По впадающему в озеро ручейку ходил старый лось. Глубоко погружая морду в воду, он вырывал сочные стебли аира и спокойно, с удовольствием размалывал их коренными зубами. Вода с его бороды и носа струйками стекала в речку.
— Ехать надо, — снова напомнил Саулюс.
— Надо. — Моцкус встал, умылся в ручейке и медленно пошел к хутору. — Надо, — повторил. — Только тщетны наши усилия. Когда у человека возникает желание приукрасить прошлое, значит, он уже не верит в будущее. Постарел я, а вы, молодые, прекрасно чувствуете это и без зазрения совести наступаете на пятки. Так делали и мы, может быть даже яростнее. — Увидев, что Саулюс хочет возразить, повысил голос: — Ну помолчи хоть раз, господин прокурор, неужели разговоры о чужой жизни тебе приятнее, чем окружающая нас красота?
— Не знаю.
— Даже незнание сегодня на твоей стороне. Признался и гордишься: вот какой я честный!.. А мы и тут чувствуем свою вину: не научили! Мне кажется, ошибаются те, которые только ворчат на молодежь, и при этом все скрывают от нее. Надо быть более откровенными. Если мы, рассказывая о прошлом, оставим хоть одну смутную тень и честно не признаемся, что ошибались, раньше или позже вы скажете нам об этом, только намного энергичнее и куда злее. Таков закон жизни. Но было бы страшно несправедливо, если бы вы, утверждая себя, стали смаковать наши ошибки, отбрасывая все, что было хорошего и прекрасного. А это вполне возможно, потому что запрет не только пробуждает любопытство, но и порождает желание нарушить его. Теперь тебе ясно, почему я поехал с тобой?
— Еще не совсем.
— Ничего, когда сам столкнешься с прошлым — многое прояснится. Но мне больно, что мою снисходительность ты посчитал за слабость, человеческое достоинство — за трусость, а ошибки — за преступление. Разве только вам, молодым, позволено ошибаться? Хорошо, что ты, столкнувшись с Жолинасами, очень энергично, как прокурор, взялся за эту историю. Было бы куда хуже, если б ты плюнул на все. Я больше страшусь равнодушия, чем грубости или несправедливого приговора. Молчание хуже любых сплетен.

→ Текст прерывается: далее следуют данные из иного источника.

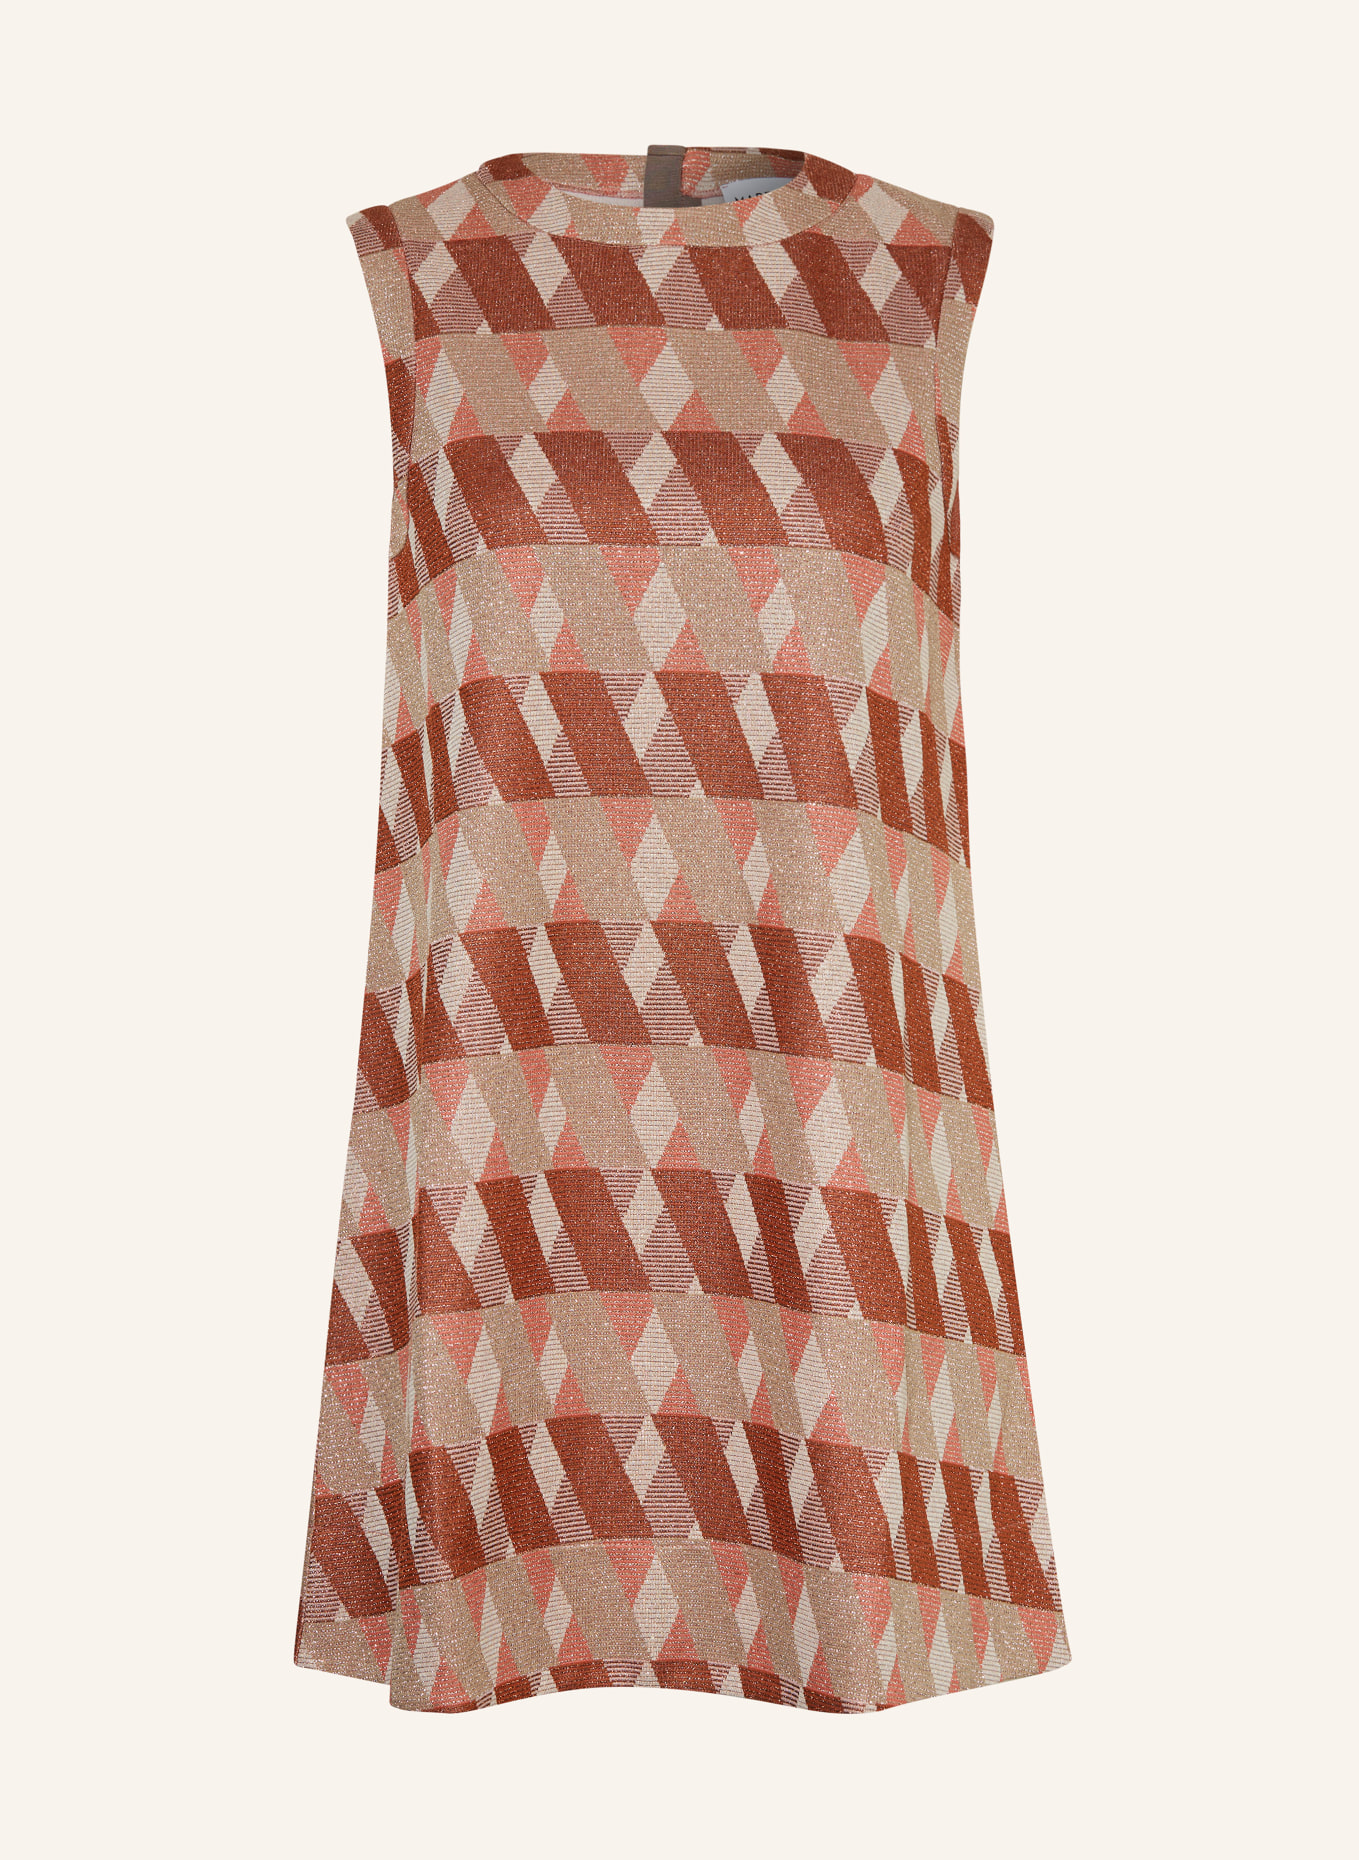 MARELLA Kleid mit Glitzergarn, Farbe: BEIGE/ COGNAC/ ROSÉ (Bild 1)

— Вы умеете красиво говорить…
— В дни моей юности это считалось немалой добродетелью. Может, теперь уже надо иначе, но и ты не забывай: из всех разновидностей лжи самая страшная та, в которой есть частица правды.
Когда они вернулись на хутор, во дворе только собака позванивала цепью. Саулюс поднял капот, осмотрел мотор и стал озираться в поисках ведра.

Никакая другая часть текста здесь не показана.